Purpose : The angiopoietin/tyrosine kinase with immunoglobulin-like domains (Ang/Tie) pathway is a key regulator of vascular stability, angiogenesis, and inflammation in the retinal vasculature. Results from the phase 3 trials of faricimab support the potential for dual Ang-2/vascular endothelial growth factor (VEGF)-A pathway inhibition to promote vascular stability and extend treatment durability for nAMD and DME. We assessed the role of Ang-2 in vascular destabilization using primary human vasculature models.
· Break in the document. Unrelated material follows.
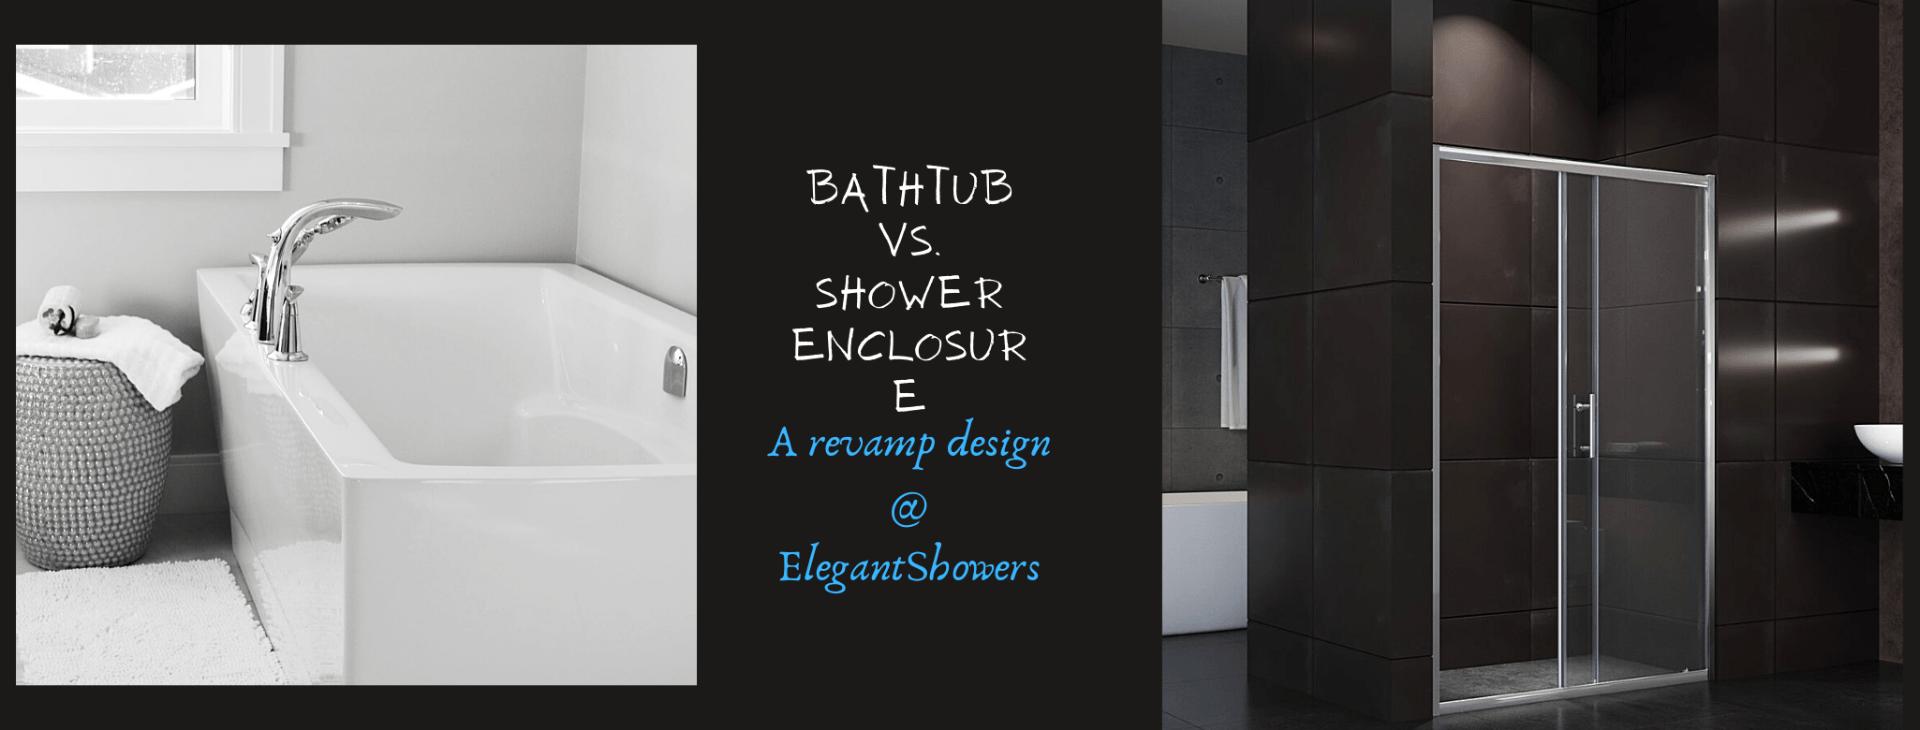 Bathtub Vs Shower Enclosure - Elegant Showers

Methods : A 3D human inner blood-retinal barrier (iBRB) microvascular network was developed on a microfluidic chip with primary human retinal endothelial cells (ECs), pericytes (PCs), and astrocytes (ACs); effects of exogenous Ang-1, Ang-2, and anti–Ang-2/VEGF-A antibody on cell interactions were evaluated using immunocytochemistry and quantified using 3D image analysis based on a custom Python script. To investigate phenotypic changes after Tie2 receptor activation, primary human retinal ECs grown on 2D or 3D microvascular networks were treated with Ang-1, vascular endothelial protein tyrosine phosphatase, Ang-2, and anti–Ang-2/VEGF-A antibody. Cellular and vascular morphology will be correlated with Tie2 receptor activation status.
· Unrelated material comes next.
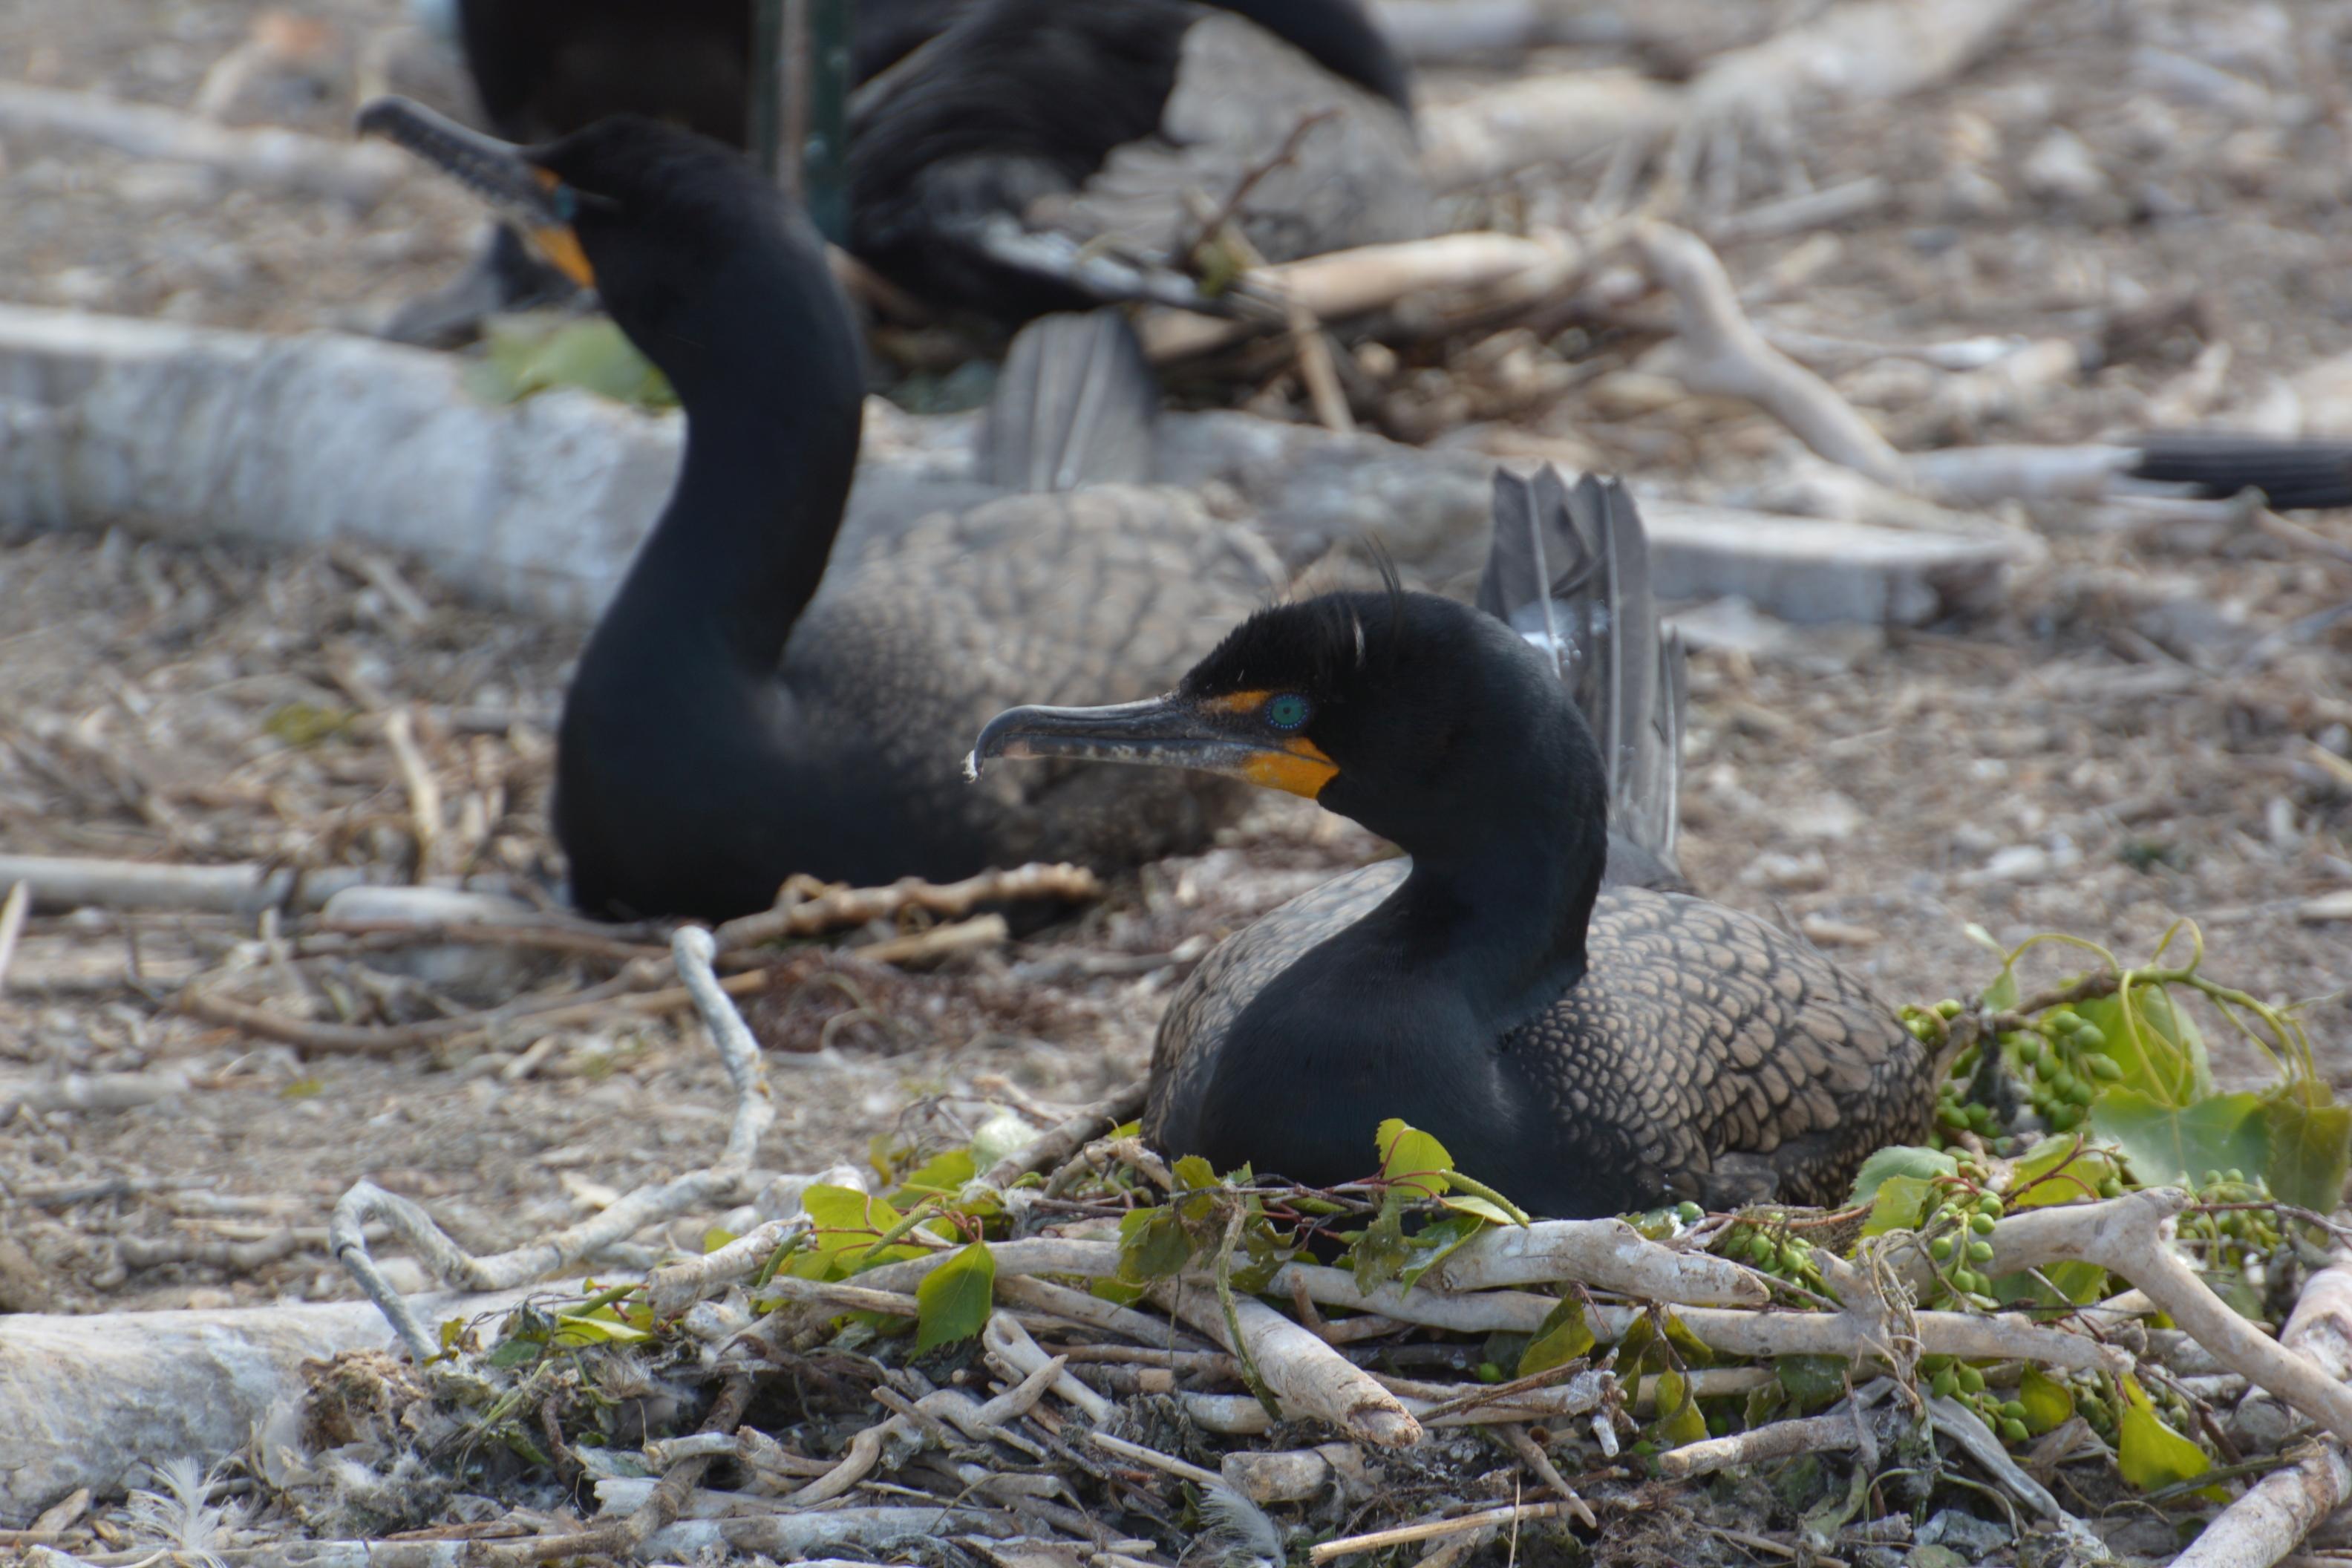 In Ontario, it's open season on cormorants. But is the hunt based on science?

Results : Preliminary data suggest that addition of Ang-1 to the iBRB-on-a-chip increased PC coverage of ECs compared with Ang-2 and basal medium. In addition, the interstitial space between ECs and PCs decreased with Ang-1 and increased with Ang-2 vs basal medium. AC coverage of ECs increased with Ang-1 and decreased with Ang-2 vs basal medium. Sequencing of control vs Ang-2–treated iBRB is ongoing to understand these changes at the transcriptional level; preliminary data suggest Ang-2 might modulate adhesion and extracellular matrix remodeling factors. The effects of anti–Ang-2/VEGF-A antibody on the iBRB-on-a-chip are being investigated. The results from Tie-2 activation studies in primary human retinal ECs will be presented.
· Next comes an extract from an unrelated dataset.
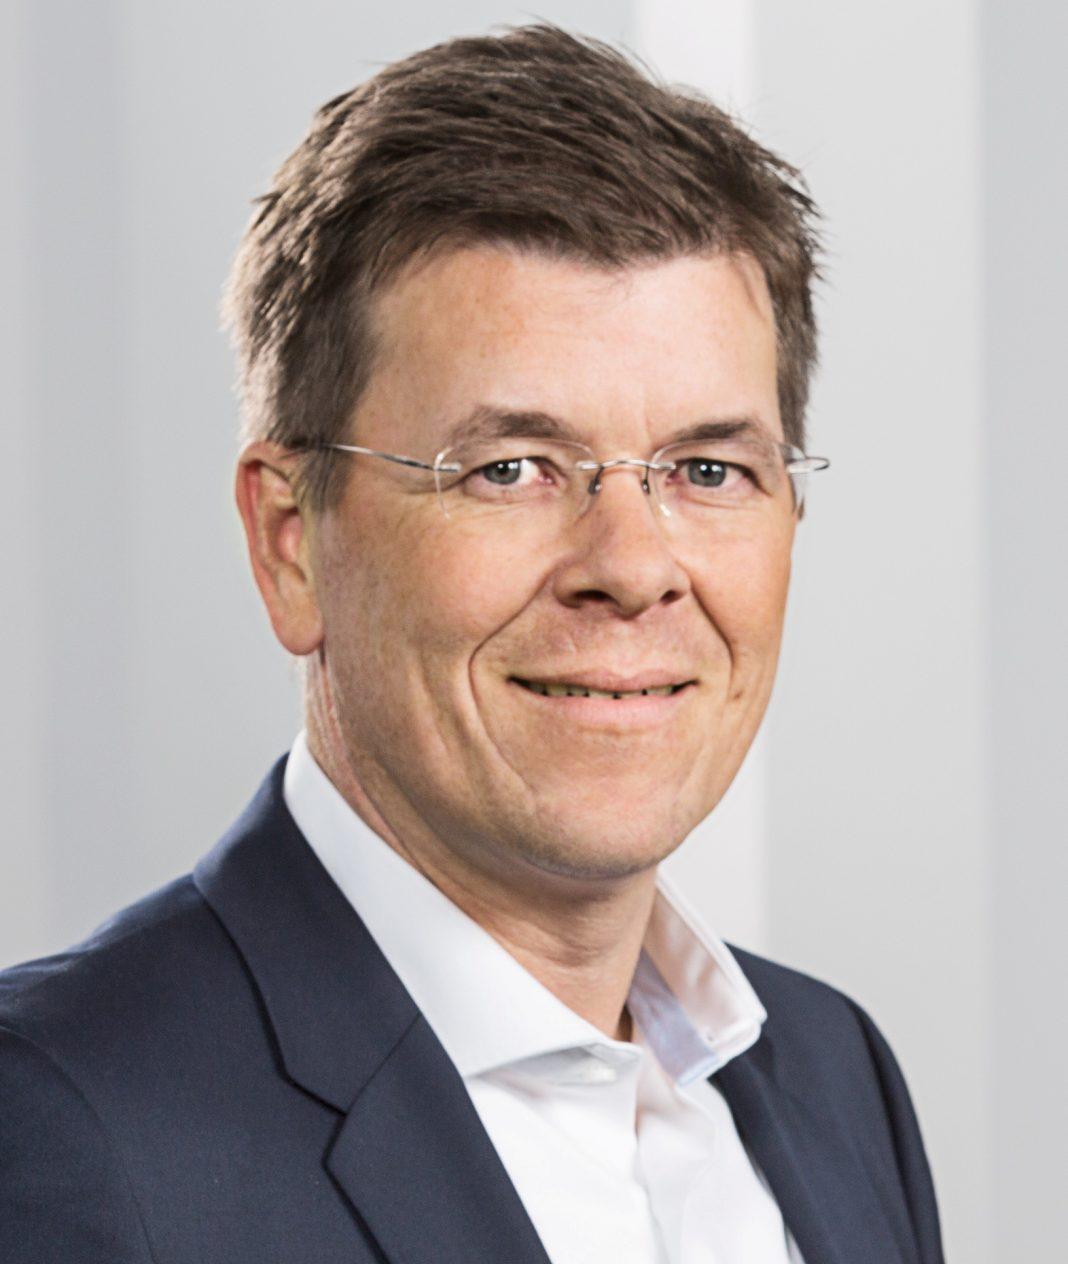 Christian Sailer, Weltbild GmbH & Co. KGaA

Conclusions : We have used iBRB-on-a-chip to investigate the effect of Ang-1 and Ang-2 on vascular morphology and function. Preliminary data suggest Ang-1 promoted PC/AC adhesion to ECs, whereas random PC organization was observed with Ang-2. Experiments are ongoing to fully characterize iBRB response and understand the role of dual Ang-2/VEGF-A pathway inhibition, which could support clinical development of nAMD and DME treatments.

This abstract was presented at the 2024 ARVO Annual Meeting, held in Seattle, WA, May 5-9, 2024.